I’ve written a little bit about this in the past, but I was grilled on this topic and others this week by Phoebe Morgan, a senior editor at Hodder & Stoughton, for her insightful newsletter The Honest Editor.
It occurred to me that some of you might enjoy hearing an edited version of our conversation. So scroll on for the answer to that and many other frequently asked questions.
Happy reading!
Tom
What would you say are the biggest drivers of sales for you as an independent bookshop? I think there are a couple of different things to talk about here. One is that there are people who are coming here already knowing what they want, and for those customers, I think it typically depends on their age group. So our younger customers will often come here having gone first to Goodreads or The StoryGraph, and either they have an account themselves, or they might have been sent a WhatsApp or a screenshot from a friend, or they’ll have seen something on Instagram or TikTok, and they will come here and say, have you got XYZ, or, ‘I really must read Butter because I've seen everyone reading it on the tube,’ — that kind of thing.
The other kind of customer who comes in knowing what they want is a slightly older, more traditional independent bookshop customer, who will have read review coverage in the papers, or will have heard, for example, if something is Book of the Week on Radio 4, and they might come in with a picture of it ripped out of the newspaper and say, ‘Have you got this?’ or ‘Can you order it for us?’
So those are the kind of people who know what they want, but I guess, in a way, the more exciting thing for us as booksellers is the people who come here not knowing what they want, and I think in terms of the ways that we like to influence them, there are two different things that go on.
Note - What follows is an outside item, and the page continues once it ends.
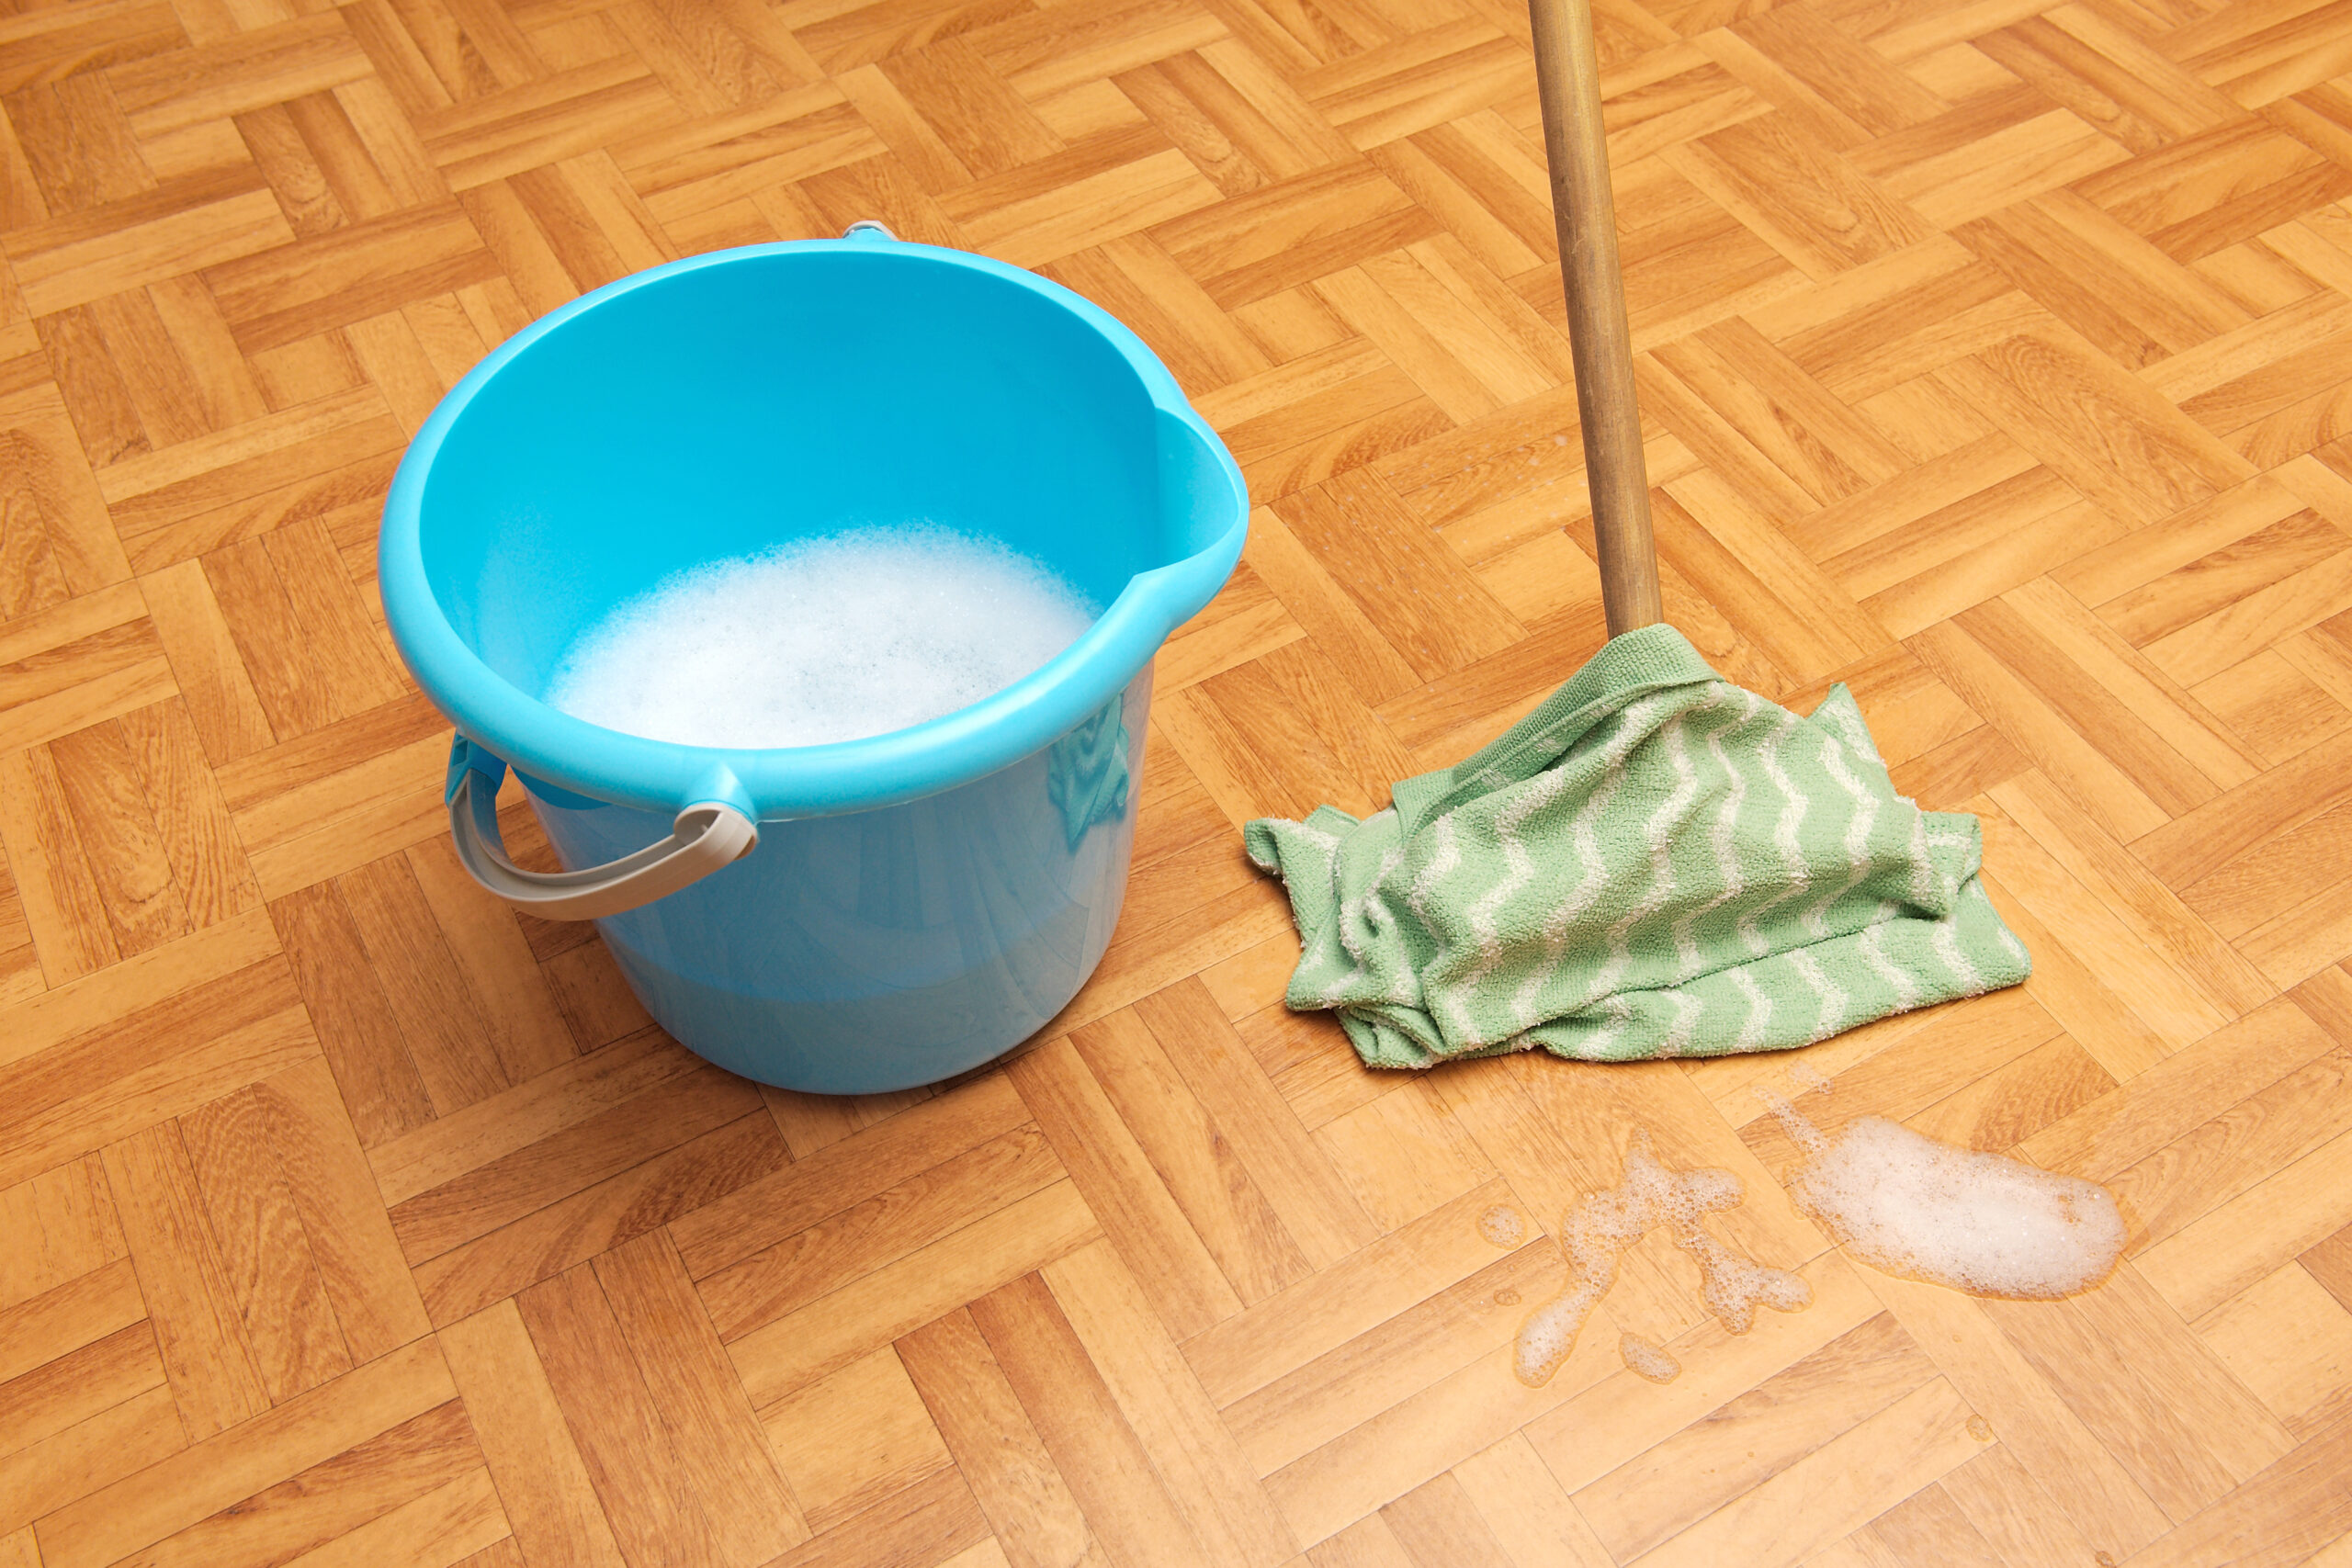 Trucco furbo ed economico per rimuovere lo sporco dai pavimenti in un lampo

One is people who just come up to us and ask. Sometimes they like to set us a really specific challenge like, ‘I'm buying a book for someone who is in hospital and I want them to read a really light-hearted or cheery read or something that can distract them a little bit.’ And so that's a fun challenge, and we can sometimes just go around the shop and pick out a few. I typically pick out three or four books from the shelf and give them a little selection, a) because I like to actually give them a genuine selection and b), because the more books you pile up in front of someone, the more they're going to buy!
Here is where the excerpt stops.